| TASK DIRECTIONS |
Only these lines of the data below are wanted: the one with "Plan #infographic #digitalmarketing", the one with "Jani McCarty Rainbow Provo UT", and any lines between them, each repeated exactly.

| ENTRIES SUPPLIED |

= = = = = = =

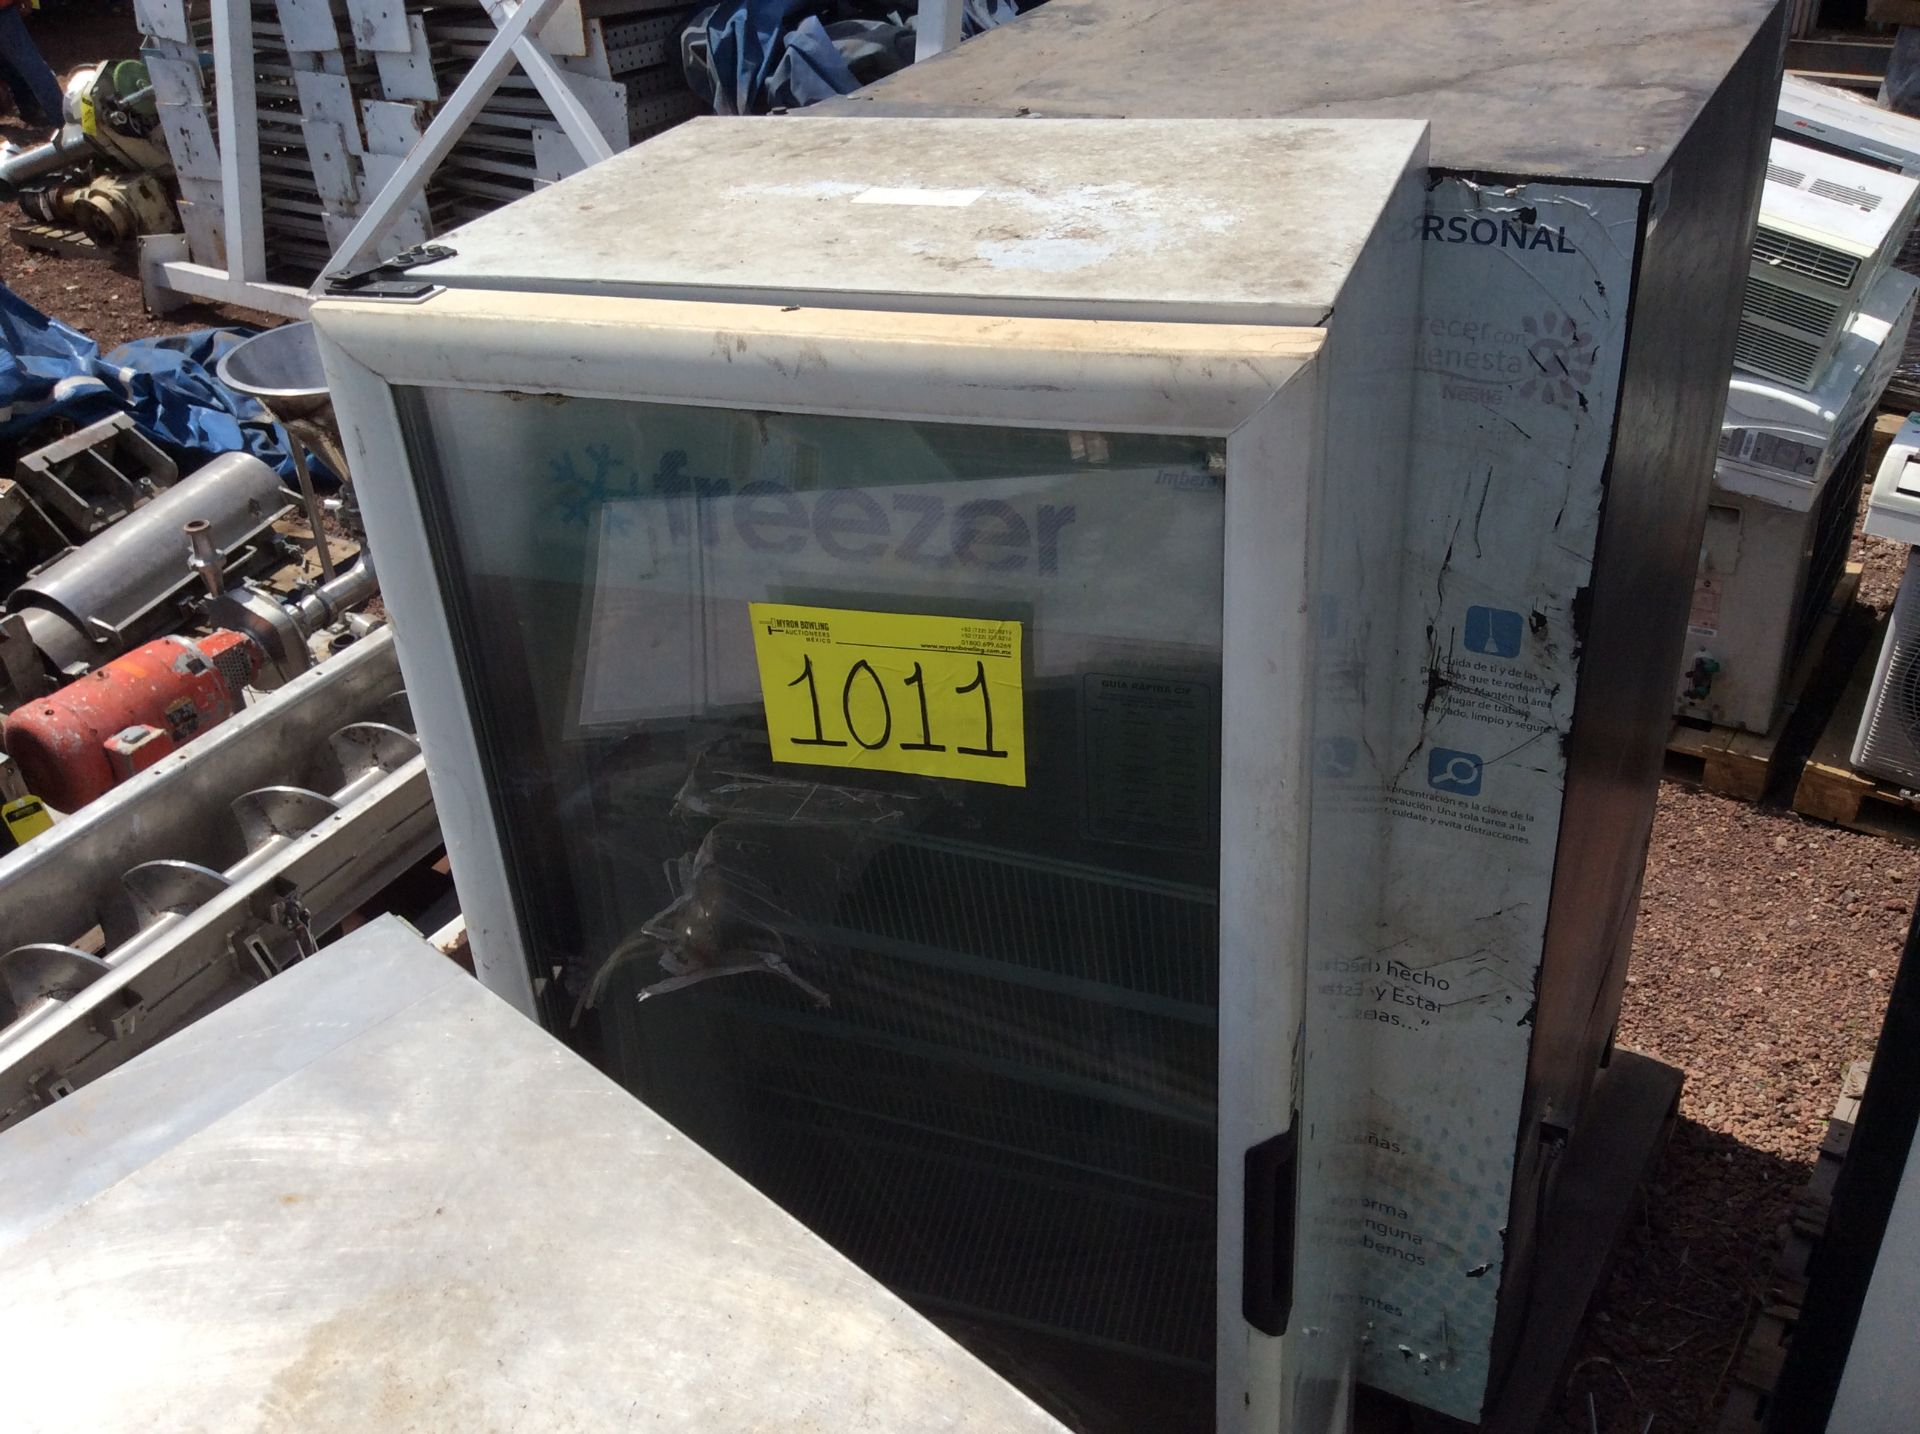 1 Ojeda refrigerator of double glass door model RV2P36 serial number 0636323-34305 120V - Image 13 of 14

= = = = = = =

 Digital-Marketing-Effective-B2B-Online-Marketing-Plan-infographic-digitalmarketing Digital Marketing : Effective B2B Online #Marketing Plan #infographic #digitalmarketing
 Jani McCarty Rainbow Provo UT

= = = = = = =

| TASK ANSWER |
 Digital-Marketing-Effective-B2B-Online-Marketing-Plan-infographic-digitalmarketing Digital Marketing : Effective B2B Online #Marketing Plan #infographic #digitalmarketing
 Jani McCarty Rainbow Provo UT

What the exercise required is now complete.